В другом авантюрном романе «Остров Эрендорф» (1924) (заглавие, как отмечали современники, иронически отсылает к фамилии И. Эренбурга) В. Катаев тоже использует архетипический образ чудака-ученого, который предсказывает страшную катастрофу. Начинается паника, в результате обнаруживается сбой в арифмометре профессора. Образ ученого, который делает какое-то уникальное открытие, изменяющее мир, столь активно используемый писателями 1920-х гг. (М. Булгаков «Собачье сердце», «Роковые яйца», М. Козырев «Ленинград», Вс. Ива нов и В. Шкловский «Иприт» и многие другие') восходит к произведениям Г. Уэллса, особенно к роману «Остров доктора Моро», герой которого, профессор, в своей лаборатории на необитаемом острове занимается созданием необычных гибридов людей и животных. Г. Уэллс в условиях становления новой модели функционирования русской литературы был необыкновенно популярен не только среди рядовых читателей, но и среди писателей, о чем свидетельствуют многие мемуаристы, вспоминающие приезд Г. Уэллса в Москву в начале 1920-х гг. (Чуковский Н., 1989; Иванов, 2001; Серапионовы братья, 2004; и др.). Следует отметить, правда, и идеологическую подоплеку этой популярности.
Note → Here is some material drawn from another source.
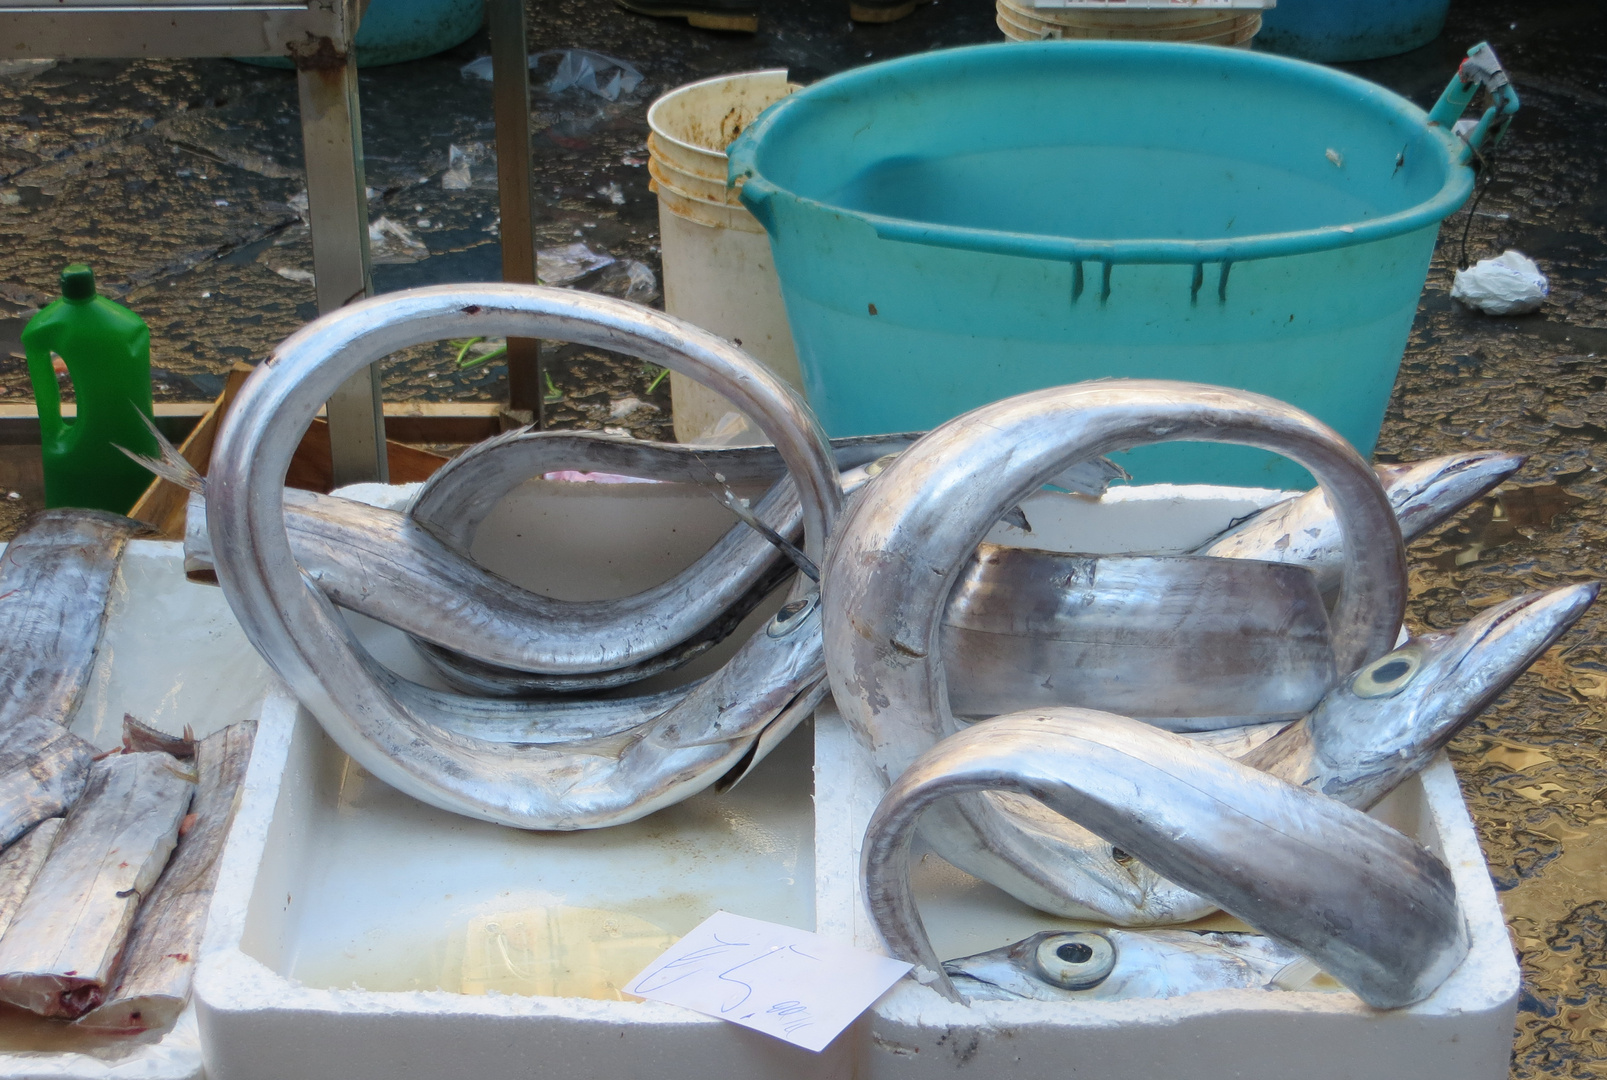 Fischmarkt La pescheria in Catania 1

Увлечения авантюрным романом не избежали и писатели, тяготеющие к зарождающемуся соцреализму. Так, например, Б. Лавренев, к 1925 г. выпустивший сборник рассказов «Ветер», в который вошел прославивший его «Сорок первый», пишет авантюрный роман «Крушение республики Итль». Лавренев дает хронику развала демократической республики Итль, расположенной на одном из южных берегов, которой взялась помогать островная держава Наутилия, обладательница мощного флота. В этом своеобразном «романе с ключом» современники узнали недавнюю историю Крыма, на котором в 1920 г. находилась армия Врангеля.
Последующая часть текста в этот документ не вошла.